# 

## tofel3

Cześć.
Przymierzam się do zakupu Szlifierki Kątowej.
Chce aby była mocna, tarcza 125 i była lekka.
Na oku mam markę Hitachi.
Ale mam też do Was pytanie, czy warto zainwestować w szlifierkę z regulacją obrotów ?

----------


## CityMatic

> Cześć.
> Przymierzam się do zakupu Szlifierki Kątowej.
> Chce aby była mocna, tarcza 125 i była lekka.
> Na oku mam markę Hitachi.
> Ale mam też do Was pytanie, czy warto zainwestować w szlifierkę z regulacją obrotów ?

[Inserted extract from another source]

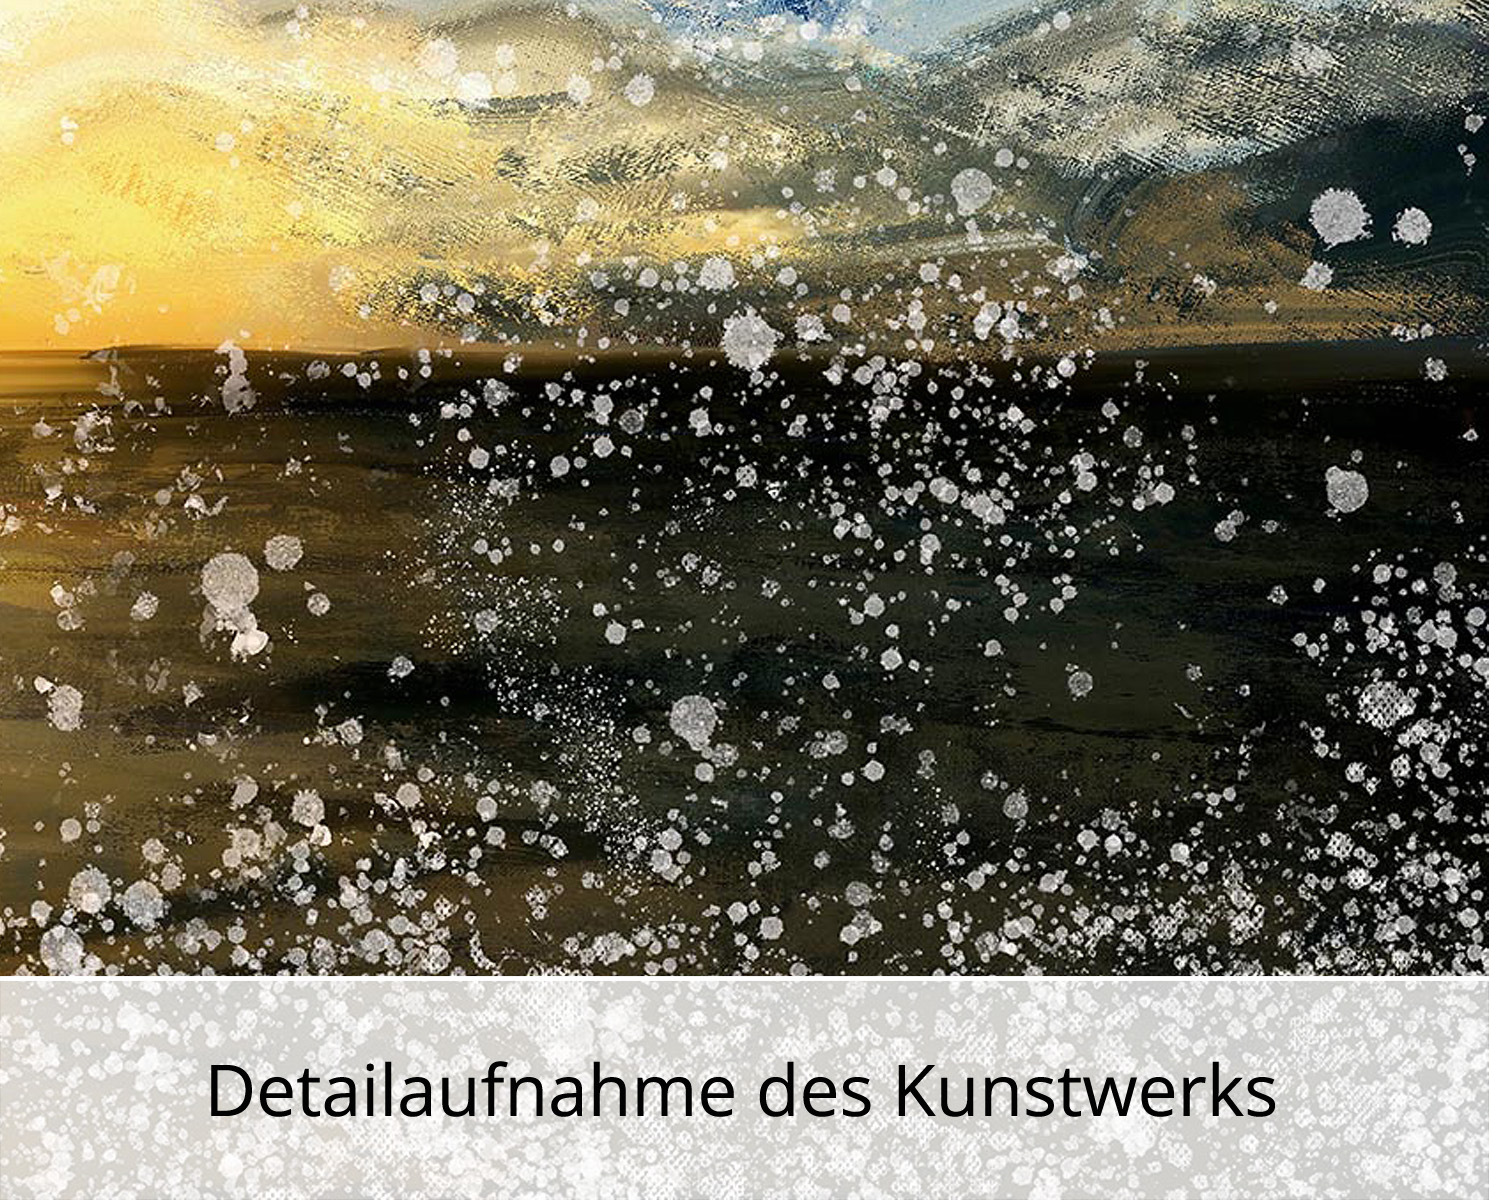 Kunstdruck, signiert: Sturm an der Küste III, Holger Mühlbauer-Gardemin, Edition

Regulacja zapewnia cięcie cienkich blach i tworzyw sztucznych w taki sposób aby ich powierzchnia się nie spaliła, lub stopiła. Ja mam jedną starego typu makitę i tylko do tego ją używam, mam też 125 Hitachi, ale tylko dlatego, że była w promocji i jak ją kupowałem jako jedyna miała wirnik i jego uzwojenie zabezpieczone przed pyłem.
5 lat i ma się dobrze więc sprzęt bardzo cenny  :smile:

----------


## APZ

Warto zainwestować w regulację obrotów. Dobrze kupić też markowy sprzęt. Osobiście polecam makietę. Odradzam Boscha.

----------


## konefka6

A ja mam Boscha..i to różne narzędzia..pracują nadal. Zawiodłem się za to na Makicie..Nie polecam. Szczególnie wkrętarki i serwis firmowy Makita jest do d....

----------


## tofel3

Ja chcę kupić Hitachi.

----------


## compi

Zwróć uwagę na prędkość na najniższych obrotach. Po starym Boschu z regulacją kupiłem znowu Boscha, ze względu na chyba najcieńszy korpus w swojej klasie. Jednak okazało się, że ten stary potrafi pracować o wiele wolniej. Czy się to przydaje? Przykładem jest wycinanie bruzd w gazobetonie. Małymi obrotami i tarczą segmentową robisz to szybko i pyli się o wiele mniej. Szlifowanie tarczą listkową z papieru ściernego też wymaga dobrania odpowiedniej prędkości obrotowej  Mankament to grzanie się urządzenia przy dłuższej pracy. Trzymanie maszyny gołą ręką jest już po kilkunastu minutach jest niemożliwe. Hitachi to b. dobra firma, ale porównaj sposób włączania(ten był u Japończyków kiedyś toporny), sposób regulacji osłony, jakie szczotki masz w maszynce(syntetyczne są o wiele trwalsze), długość kabla no i czy masz walizkę w komplecie.

----------


## laserowy

Ja kupiłem jakieś 2 lata temu szlifierkę HITACHI 125mm i zdecydowanie POLECAM! Daje radę ze wszystkim, a dużo już nią zrobiłem i nie widać zużycia praktycznie. Ogromnym plusem jak dla mnie jest jej niska waga i poręczość- przydatne podczas napraw pod podwoziem aut na przykład.

----------


## almarat

Jak dla mnie to odpowiedź jest prosta, brać taką z regulacją obrotów . Skoro można coś łatwiej i wygodniej zrobić i mieć pełną kontrolę nad sprzętem do dlaczego nie? Ja już od dłuższego czasu  używam sprzętu z regulacją obrotów i bym się nie zamienił spowrotem na szlifierkę bez regulacji. Co do modelu to mam Trytona 125mm , mocna jest, lekka i ergonomiczna też.

----------


## Pawlo111

Bosch z regulacją ale tylko niebieski dla profesjonalistów.
ponad 10 lat użytkuje takowego a nie oszczędzam go zbytnio i tylko raz wymieniałem szczotki.

----------


## sokratis

Regulacja obrotów przydaje się, bo łatwiej oszczędzać silnik. Na wyczucie wiesz, kiedy trzeba zmniejszyć obroty bo silnik już ledwo zipie, a pracy przerywać nie trzeba.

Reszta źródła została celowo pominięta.